I’ve re-installed 10.3, but still my pc won’t even peep unless i unplug the ATA cable on my sdb (my data disc). (It loads normally if i do unplug it.) Then, I connect it up and warm boot it where it loads normally.
This problem occured without me altering the bios.
Would you mind clarifying: If you boot from a powered off system, it hangs during POST? If you unplug sdb it POSTS, but then you plug it in, warm reboot and it POSTS?
Also (sorry, just checking) you are not attaching the data cable to the drive wile the power is on correct? That is not recommended. Sure, you can get away with it sometimes, but it can damage the drive or controller. (Don’t mean to sound critical or naggy - and I am sure you are likely not doing this. . . )
If it won’t POST from a cold boot, then it is BIOS / Hardware related. If it hangs during booting the kernel or Grub it can be something else entirely.
I am sure we can help get it sorted out, just let us know what the exact story is.
This problem seemed to occure when I left my os distro in the tray and re-started… Since then my established setup fails to make it to the peep from cold: just the fan spins. When I unplug the data cable to my sdb, re-start from cold, it will go ahead and load the os from my primary drive but of course my data disc is not connected.
If once passed the peep from cold with sdb cable disconnected, I pause at the 1st green screen and connect the sdb data cable. then press the warm-boot button on my pc it loads normally as it used to. I hope thats clear.

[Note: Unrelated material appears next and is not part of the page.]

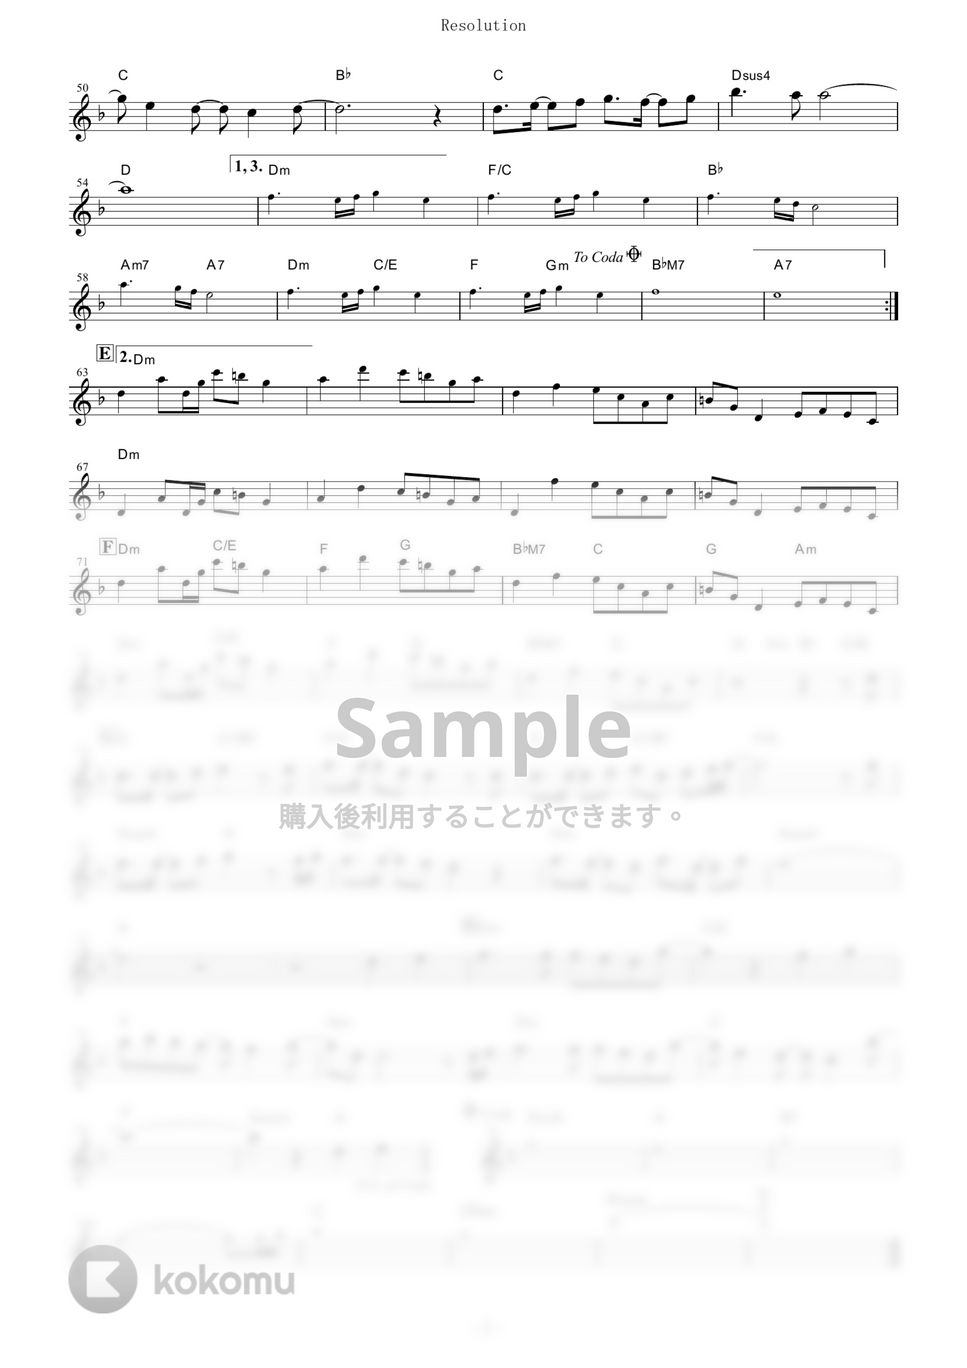 ROmantic Mode - Resolution (『機動新世紀ガンダムX』 / in Eb) by muta-sax

That is odd. By the way - it is a very bad idea to connect data cables to devices while running.
If no POST with both drives connected, I seriously suspect a failing drive or a drive misconfiguration. BIOS must recognize the devices during POST. This has nothing whatsoever to do with the OS on them. If you get no beep, no POST screen, etc. the issue is hardware. I would suggest verifying the jumpers on the drives to ensure they are set correctly (try master / slave rather than cable select, etc.) and see if you can get BIOS to see them correctly.
Perhaps you also have a failing drive? Hook them up one at a time, boot to a live CD and run #smartctl -a /dev/hda and look at the smart attributes, especially: pending reallocated sector, reallocated sectors and any SMART errors.
The system should definitely POST and recognize all drives with out significant delay if the hardware is good and configured correctly.